Cabe destacar que este episodio tampoco dejó indemne al segundo jefe de la PFA en esa provincia, el subcomisario Alberto Bellagio, quien también fue desafectado y puesto tras las rejas. El tipo habría intentado “empiojar” la pesquisa retirando a hurtadillas un bolso de Valdéz que había quedado en el baúl de su automóvil. Ese bolso fue luego recuperado en un allanamiento.

Aquí es necesario retroceder a mayo. Por entonces Valdéz efectuaba su triunfal arribo a la provincia, mientras su antecesor, Marcelo Lepwalts, ya languidecía en un calabozo, procesado por “falsedad ideológica, sustracción de elementos probatorios, encubrimiento y tenencia de estupefacientes”. Tres efectivos de su máxima confianza corrían la misma suerte.

En paralelo, también fueron arrestados otros dos suboficiales de aquella delegación. Se los acusaba de encubrir a dealers, con quienes fueron filmados en sus propios kioscos al negociar pagos mensuales para seguir existiendo.

Apenas se trataba del signo visible de una red de recaudación delictiva controlada por la PFA y extendida a través de varias provincias.

A este escenario se le acopla un ilustrativo episodio.

Era febrero de 2018 cuando Ramón Machuca (a) “Monchi”, un líder de Los Monos departía en el locutorio de la Alcaidía del Centro de Justicia Penal (donde fue alojado durante el juicio a esa banda) con un individuo menudo, de traje gris y ojos centelleantes.

Este, a boca de jarro, le dijo:

–Te van a dar 37 años por la cabeza. Y te van a armar una causa federal. Acordate de lo que te digo.

El Monchi lo miraba de soslayo, sin pronunciar palabra alguna.

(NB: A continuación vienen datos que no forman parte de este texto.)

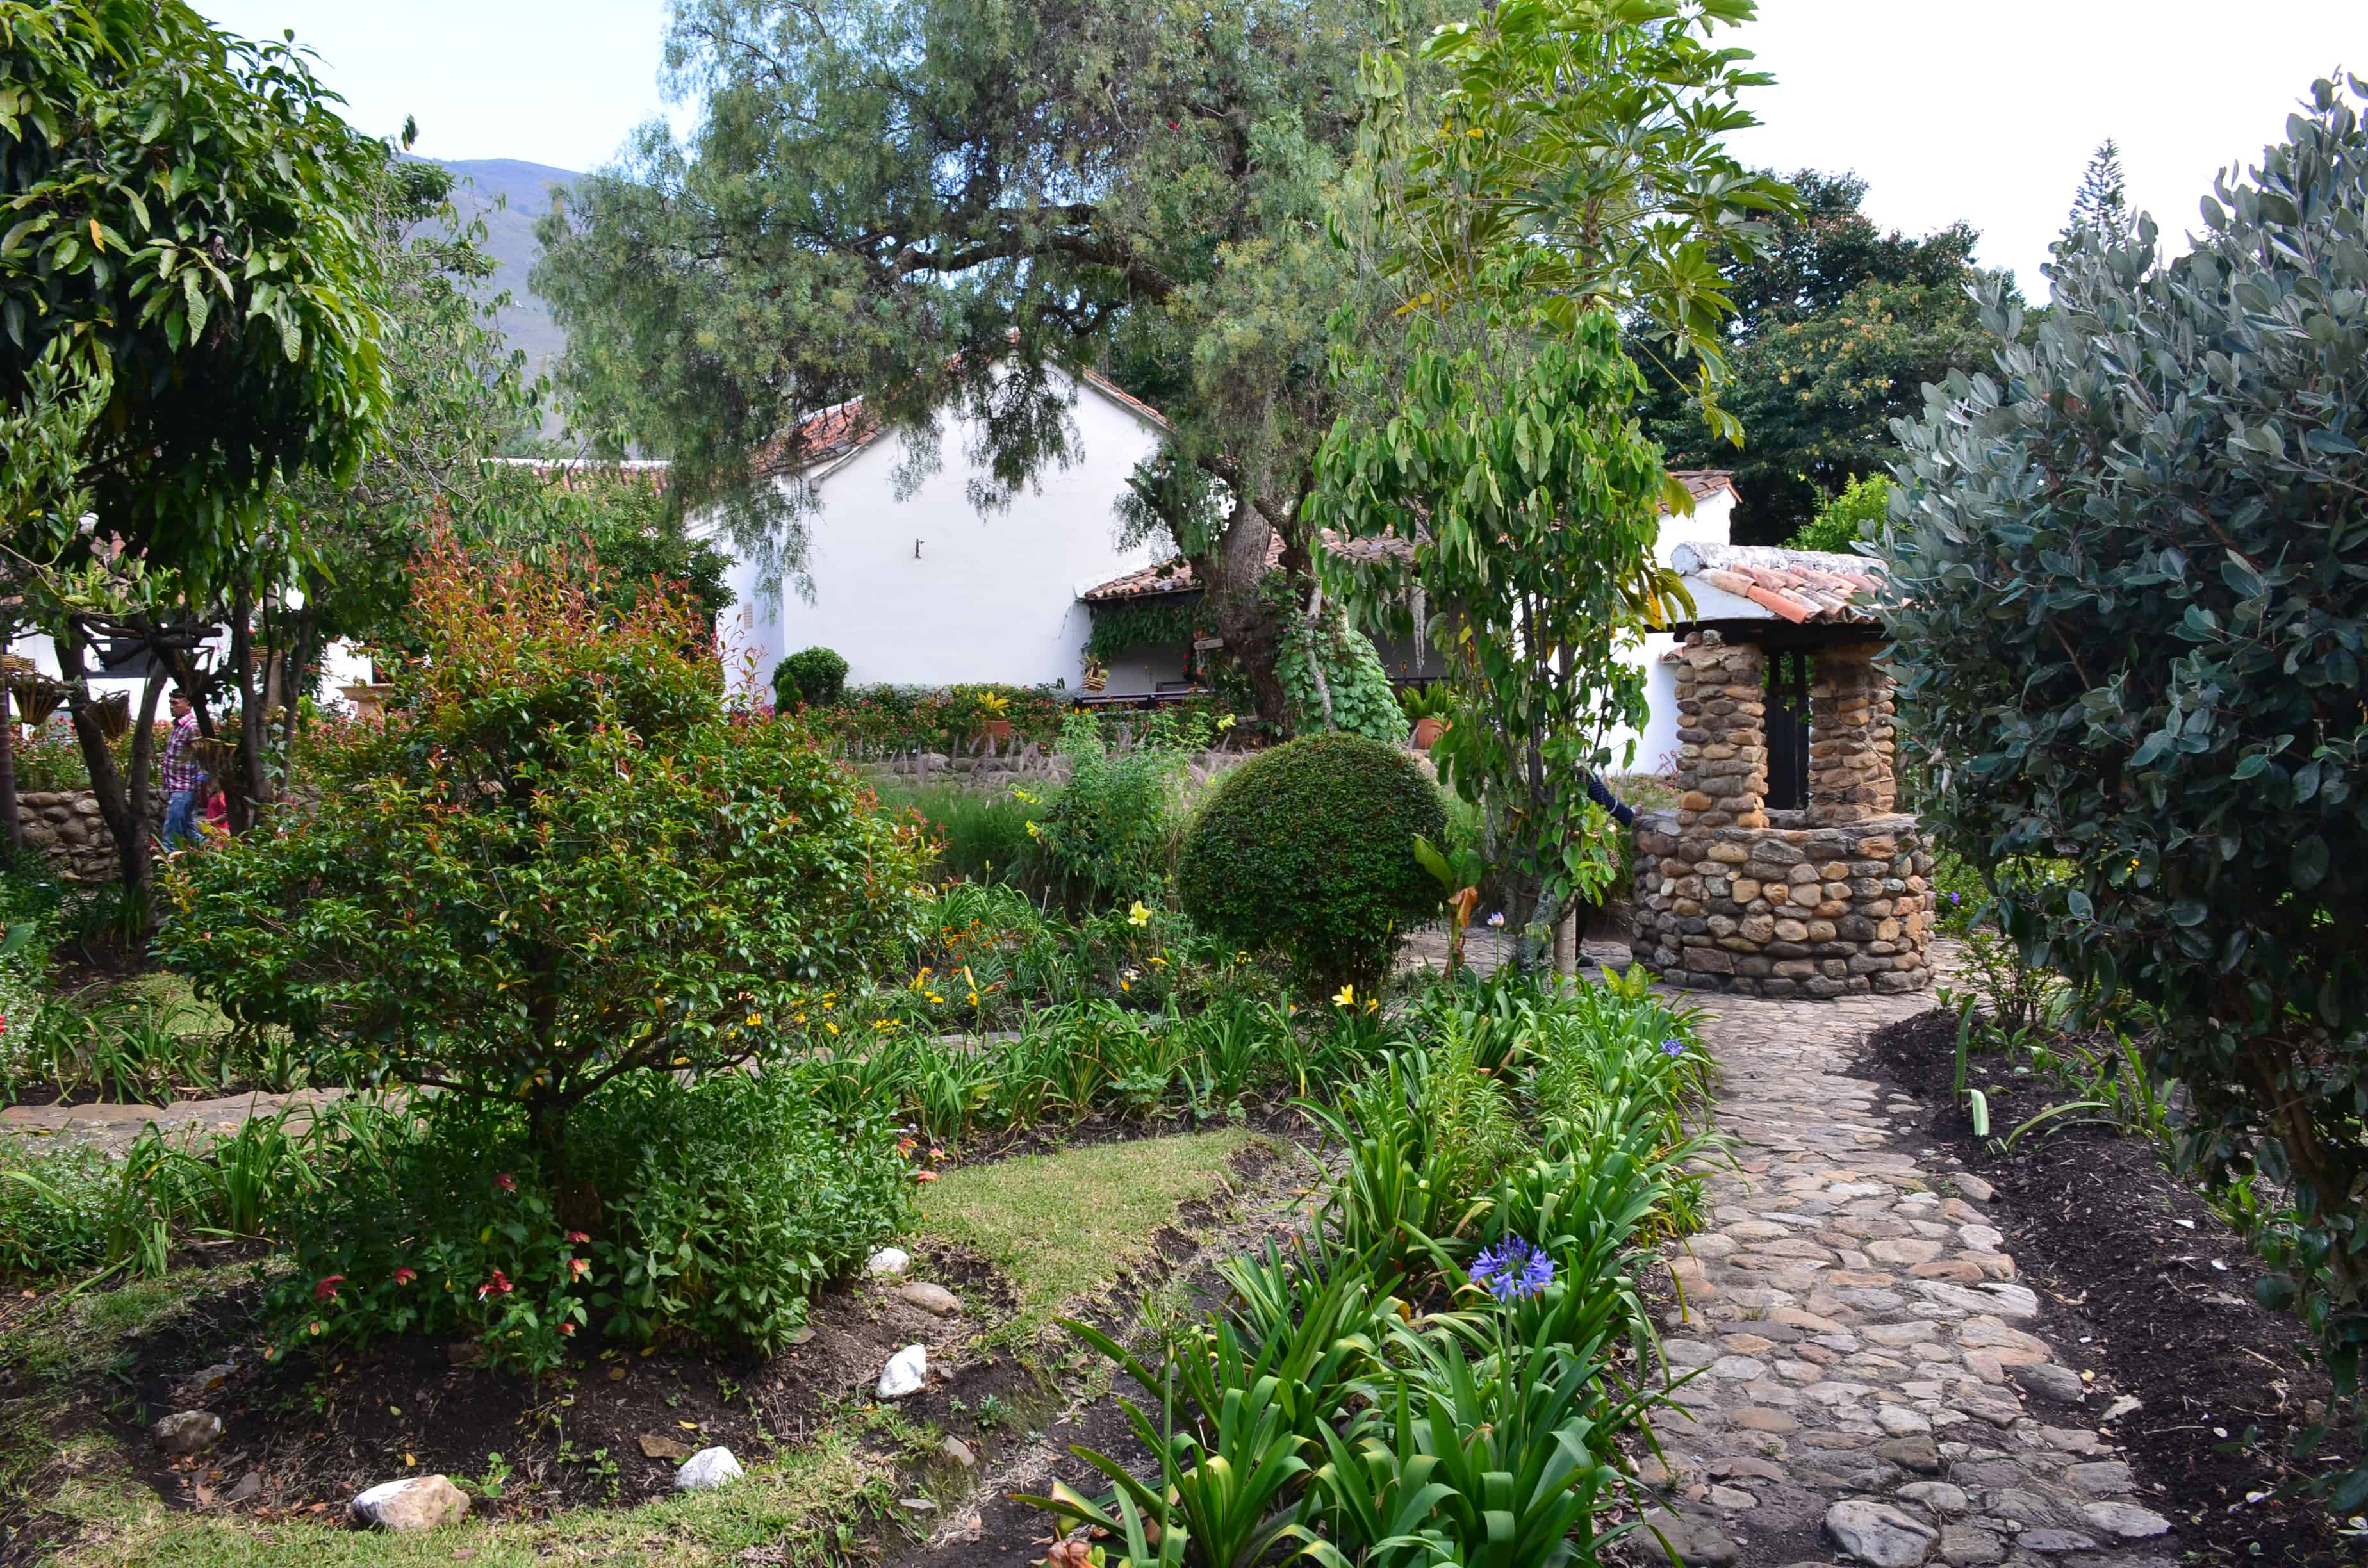 Garden at the Antonio Ricaurte House Museum in Villa de Leyva, Boyacá, Colombia

Aquel hombrecillo había llegado a él a través de Lorena Verdún, viuda del “Pájaro” Cantero, el fallecido jefe de dicha organización. Y dijo pertenecer al Ministerio de Seguridad, dándose dique por su cercanía con Bullrich.

En rigor, pretendía averiguar el paradero de 50 millones de dólares que –supuestamente– Monchi tendría a buen resguardo en algún “embute”. Pero también le soltó una propuesta indecente: efectuar tareas de espionaje desde la cárcel (entre estas, una cámara oculta) para involucrar con el narcotráfico al gobierno provincial de Miguel Lifschitz.

Semanas después Monchi se acordaría del visitante, cuando el Tribunal de Sentencia Nº 1 lo condenó a 37 años de prisión, mientras en el fuero federal se le iniciaba otra causa.

El tipo era el agente polimorfo Sebastián D’Alessio. Y en poder del juez de Dolores, Alejo Ramos Padilla, hay suficientes elementos probatorios de las comunicaciones por teléfono y WathsApp entre Bullrich y él, referidos a sus gestiones para direccionar a Monchi hacia ciertos intereses de la gestión.

Esa es parte de la constelación de hechos y circunstancias que a Saín lo aguardaba al asumir sus funciones ministeriales en la provincia.

La monarquía policial

No es una exageración afirmar que aquel hombre, uno de los especialistas más sólidos en los saberes de la seguridad (con un doctorado en Ciencias Sociales por la Universidad de Campinas, en Brasil), es actualmente el blanco de un cúmulo de animosidades previas, fruto de su paso como jefe del Organismo de Investigaciones (OI) del Ministerio Público, en Santa Fe. Perduró allí hasta ser designado por Perotti. En consecuencia, los jerarcas del comisariato local no son para él desconocidos.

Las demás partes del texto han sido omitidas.